PHASE TRANSITIONS AND VOLUMETRIC PROPERTIES OF CRYOLITE, NA3ALF6: DIFFERENTIAL THERMAL ANALYSIS TO 100 MPA

Abstract

Cryolite, Na3AlF6, is the most abundant aluminofluoride mineral in highly evolved felsic suites and their pegmatites, but its phase transitions and thermodynamic properties at elevated pressures are unknown. We used a simple modification of the TZM pressure vessel to perform differential thermal analysis of cryolite at high pressures. Temperatures of the (α-β transition are as follows: 559.30 ± 0.23 °C (1 atm), 562.10 ± 0.28 °C (47 MPa), and 567.33 ± 0.23 °C (101 MPa). Cryolite melting temperatures increase as follows: 1011.4 ± 0.2 °C (1 atm), 10 19.2 ± 0.4 °C (50 MPa), and 1028.7 ± 0.4 °C (100 MPa).
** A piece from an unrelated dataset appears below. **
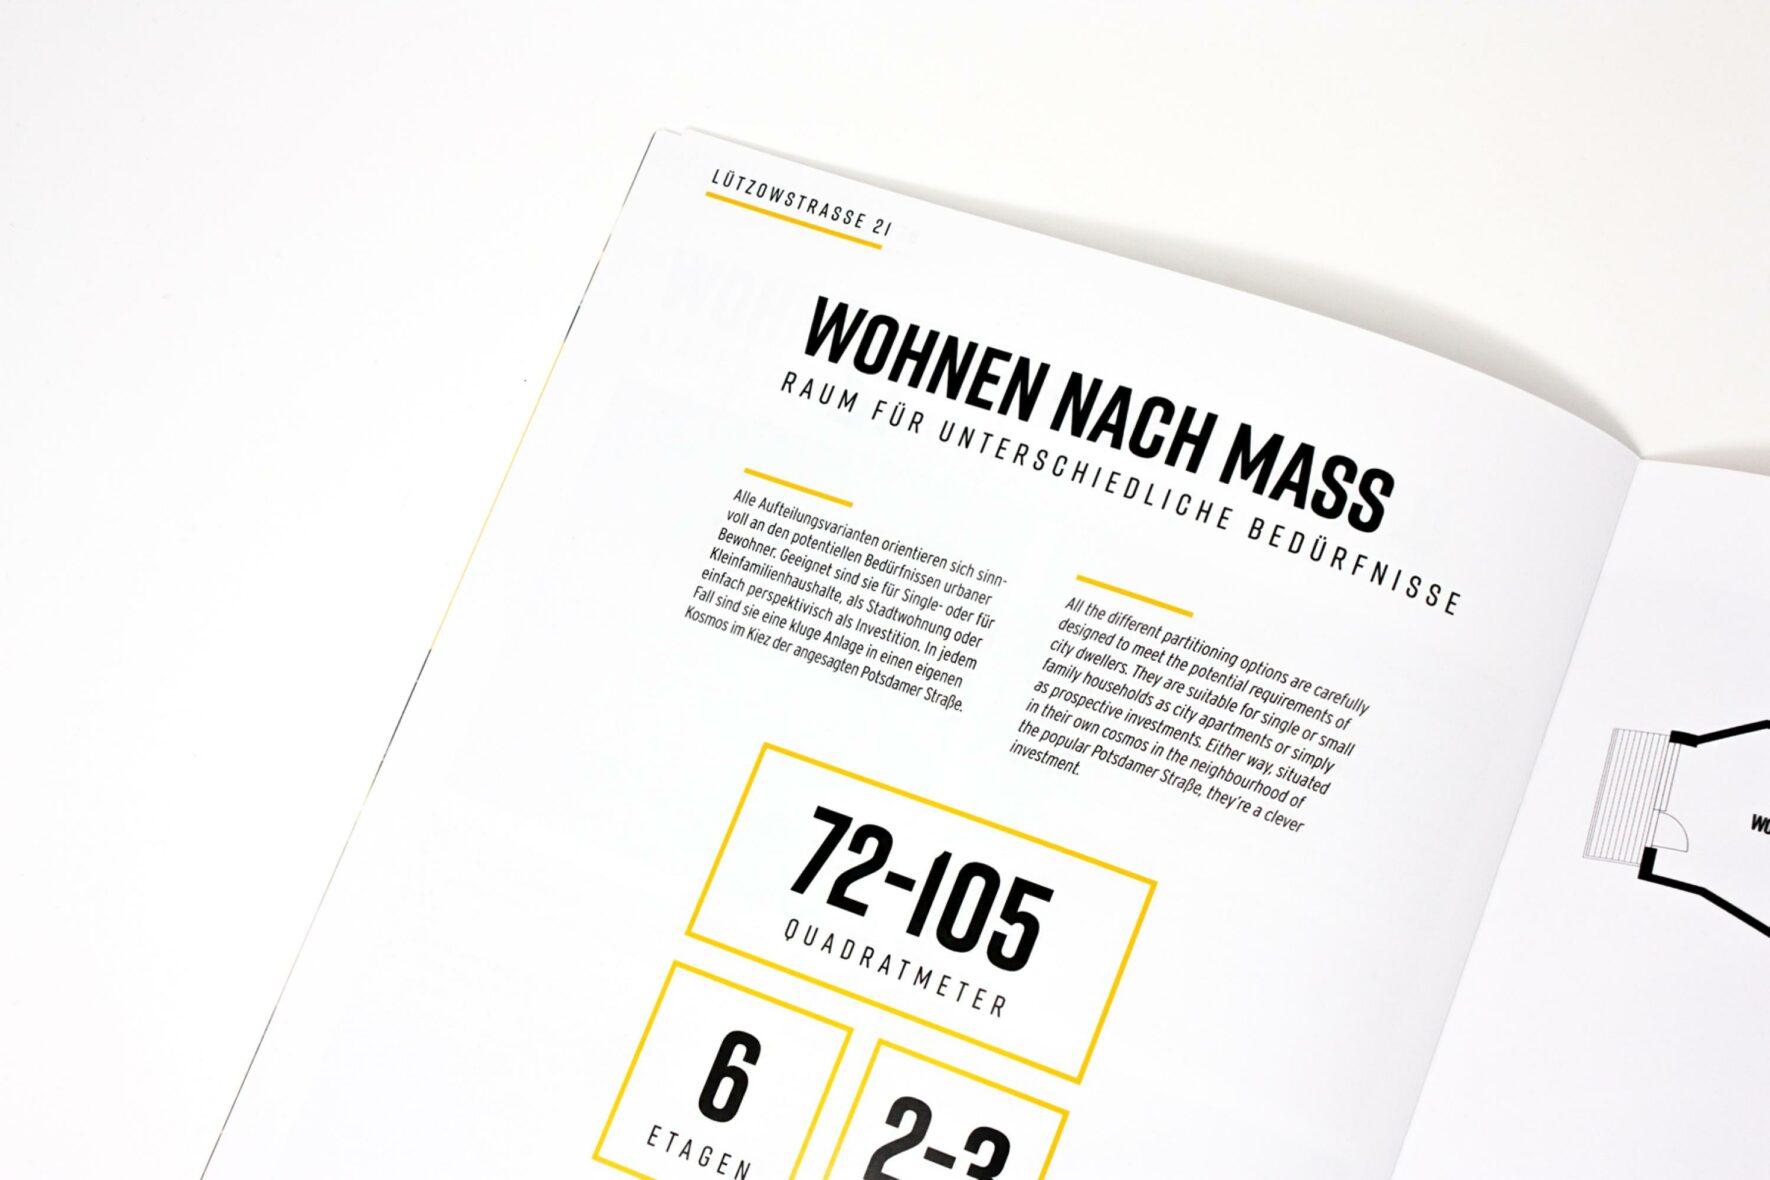 Immobilienbranding-Luetzow-Trendcity-Broschüre-FORMLOS-berlin-Print_MG_8364

Both pressure-temperature relationships are linear: (dT/dp)αβ= 78.4 ± 8.4 °C/GPa and (dT/dp)m = 174 ± 12 °C/GPa. Application of the Clapeyron relationship leads to the following volumetric changes: ΔVα-β = 0.089 ± 0.019 J/(mol·bar) and ΔVm = 1.49 ± 0.12 J/ (mol·bar). Despite the significant self-dissociation in the cryolite liquid, melting sensu stricto (without dissociation) dominates the heat and volumetric changes during melting in comparable amounts: 83.3 ± 6.7% ΔHm and 68 ± 15% ΔVm and suggests that the degree of dissociation has no significant effect on the (dT/dp)m. Evaluation of previous and current volumetric data for cryolite polymorphs leads to Vβ1284 = 8.49 ± 0.17 J/ (mol·bar); coefficients for the volumetric thermal expansion in the form of the third-order polynomial equation are: V298 = 7.080 ± 0.012 J/ (mol·bar), a1 = (1.39 ± 0.20)·10-4 K-1, a2 = (-2.15 ± 0.51) ·10-7 K-2, and a3 = (2.68 ± 0.34) ·10-10 K-3. The total (dT/dp)m of cryolite is very similar to that of villiaumite (NaF), whereas ΔVm/Vβ.1284 of cryolite is smaller than for other alkali halides (NaF, NaCl).